Wednesday, January 13, 2016

"Sicario" maps out the problems of the "fibbies" in carrying out the war on drugs, especially against the cartels


Sicario” (2015, directed by Dennis Villeneuve) may not be for everyone, but it does dramatize the practical problems law enforcement agents face in conducting this “war on drugs”.  Does the film support libertarian positions?

Emily Blunt plays FBI agent Kate Macer, paired with Reggie (Daniel Kaluuya), who discovers corpses and other novel evidence in a big raid in Chandler AZ.  She gets a “recommend” from her boss  Dave Jennings (Victor Garber) to CIA agent Matt Garver (Josh Brolin) with a native partner Alejandro (Benicio del Toro), to help extradite drug kinpin Diaz (Bernado P. Saracino) near Cuidad Juarez, across the border from El Paso.

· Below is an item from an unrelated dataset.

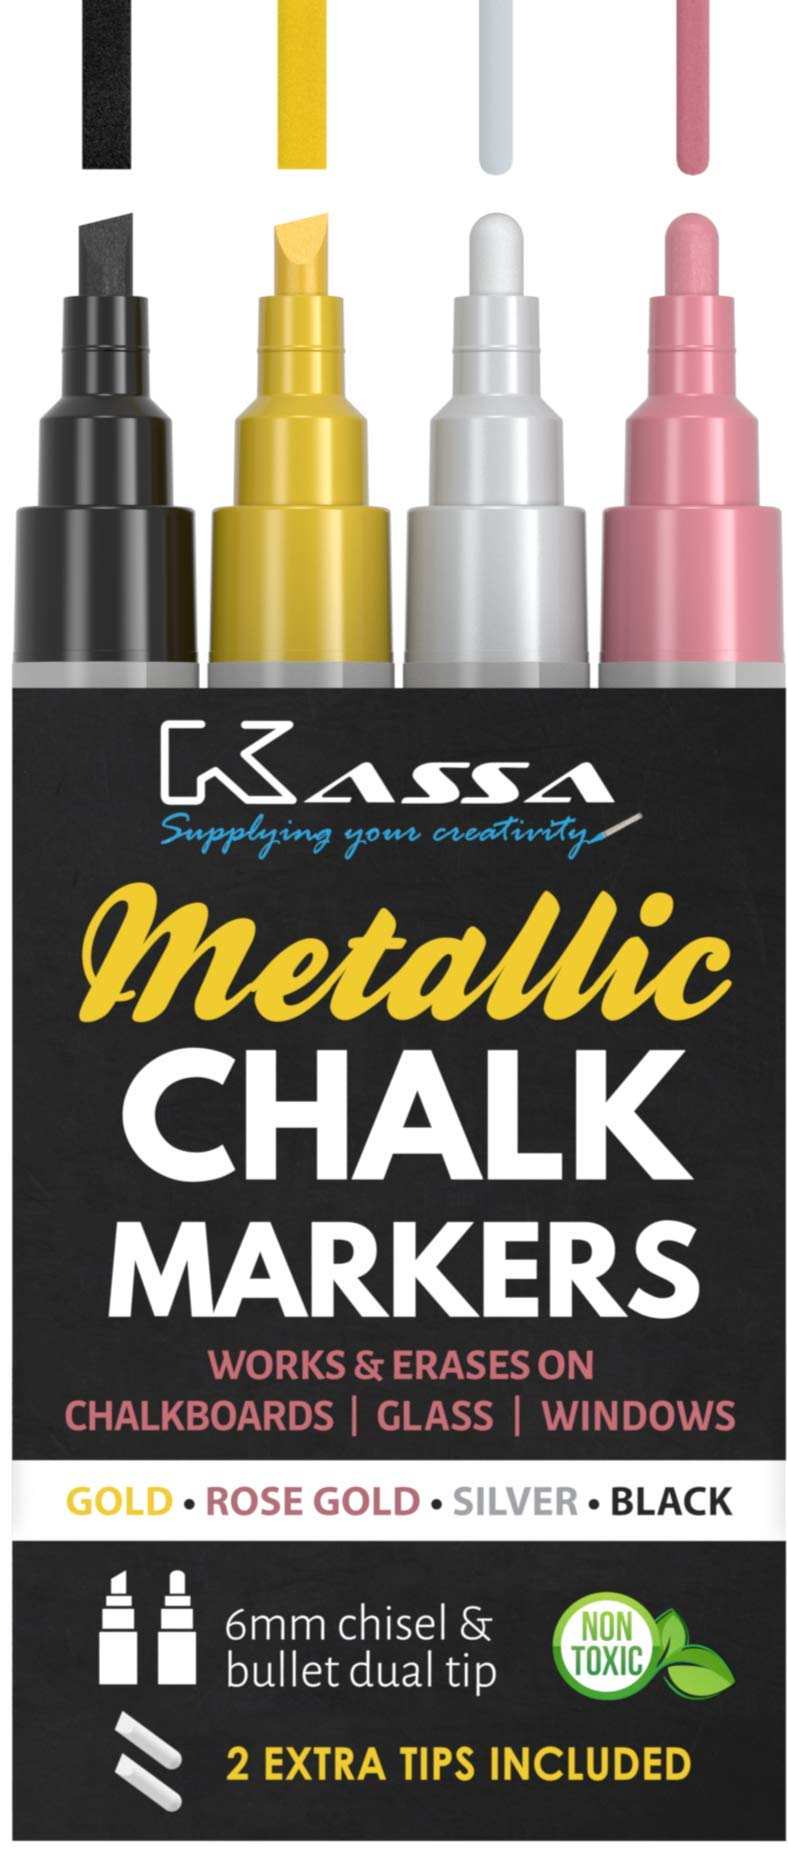 Kassa Metallic Liquid Chalk Markers for Blackboards (Gold, Rose Gold, Silver & Black) - 4 Colored Pack - Chalkboard Pens Erase on Window, Blackboard, Mirror & Glass - Dual Tip Chalk Board Marker
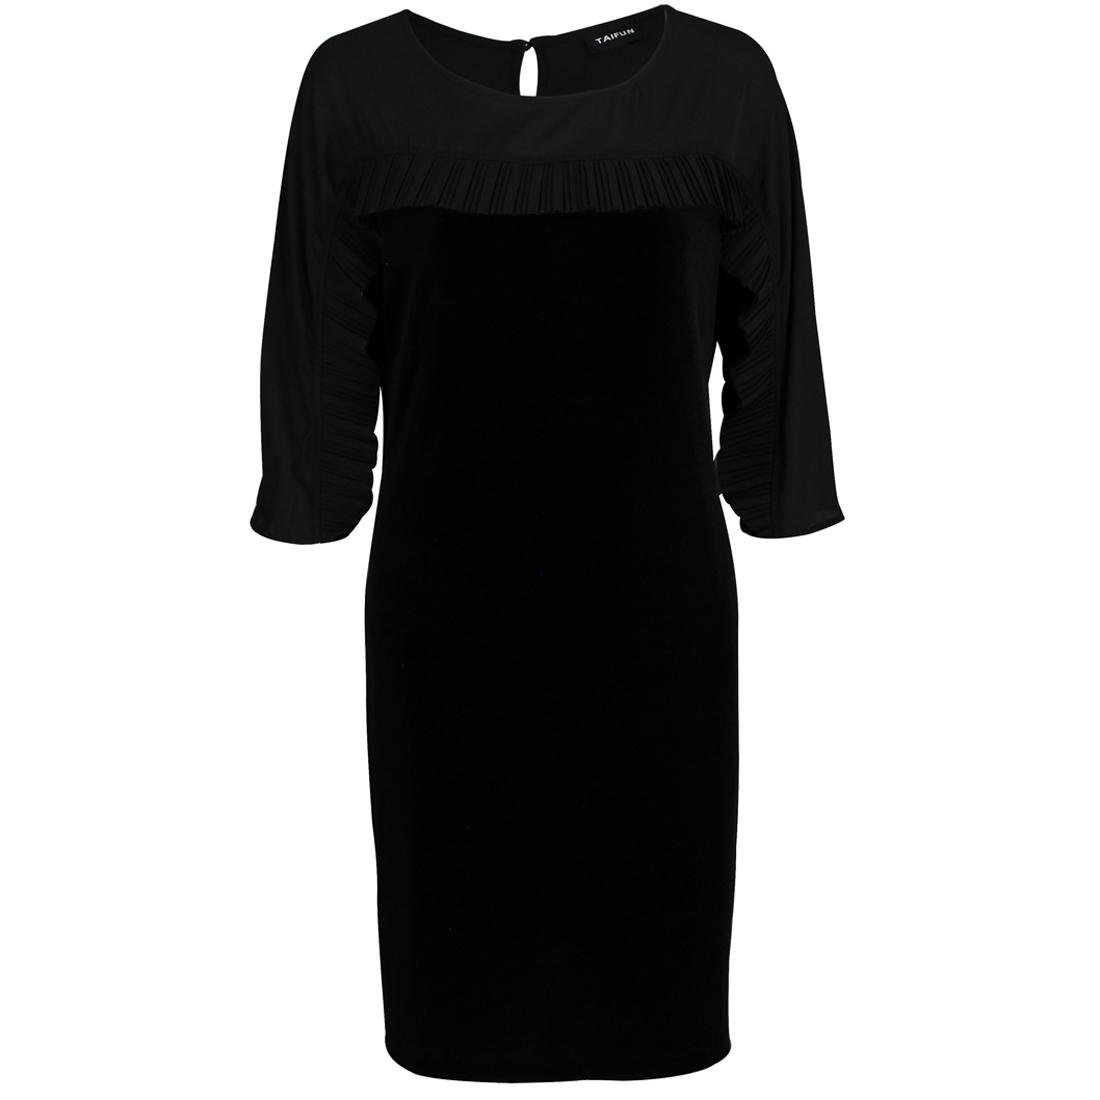 Smit Mode: Taifun jurk 881023 16850 in het Zwart

The ensuing scrambles (including a big scene on the Bridge of the Americas (BOTA), on the weekend that I moved to Texas in January 1979) will certainly test Kate’s ideas of law and order, and loyalty.  She finds out that there is a political agenda, to retain a certain stability, more than just prosecute, where jurisdiction matters.  There are some scenes involving the tunnels that even Donald Trump doesn’t know about yet.



This may be a spoiler, but Alejandro, at the end, forces Kate to sign a statement that they went “by the book”, at gun point.  The effect is somewhat silly.  But the film ends with a scene of kids playing soccer, which recalls the moving epilogue to a 1940s classic, “A Canterbury Tale”.

The brooding, dissonant music score (a lot of use of a half-step interval) was composed by Johann Johannson.

The official site is here  (Lionsgate and Black Label Media). Much of the film was shot in New Mexico.  The film tells us that the title means “hit man” and was also a term used during the fall of the Roman Empire.

Wikipedia attribution link for NASA photo of El Paso-Juarez area, public domain.

Rolling Stone has Sean Penn’s 17-minute interview with El Chapo, and article, online.  Fox News has a story saying that Sean Penn blames the US policies for drug violence. Sean Penn will not face legal repercussions (CBS News).   But El Chapo’s desire for movie fame may have been part of his being recaptured.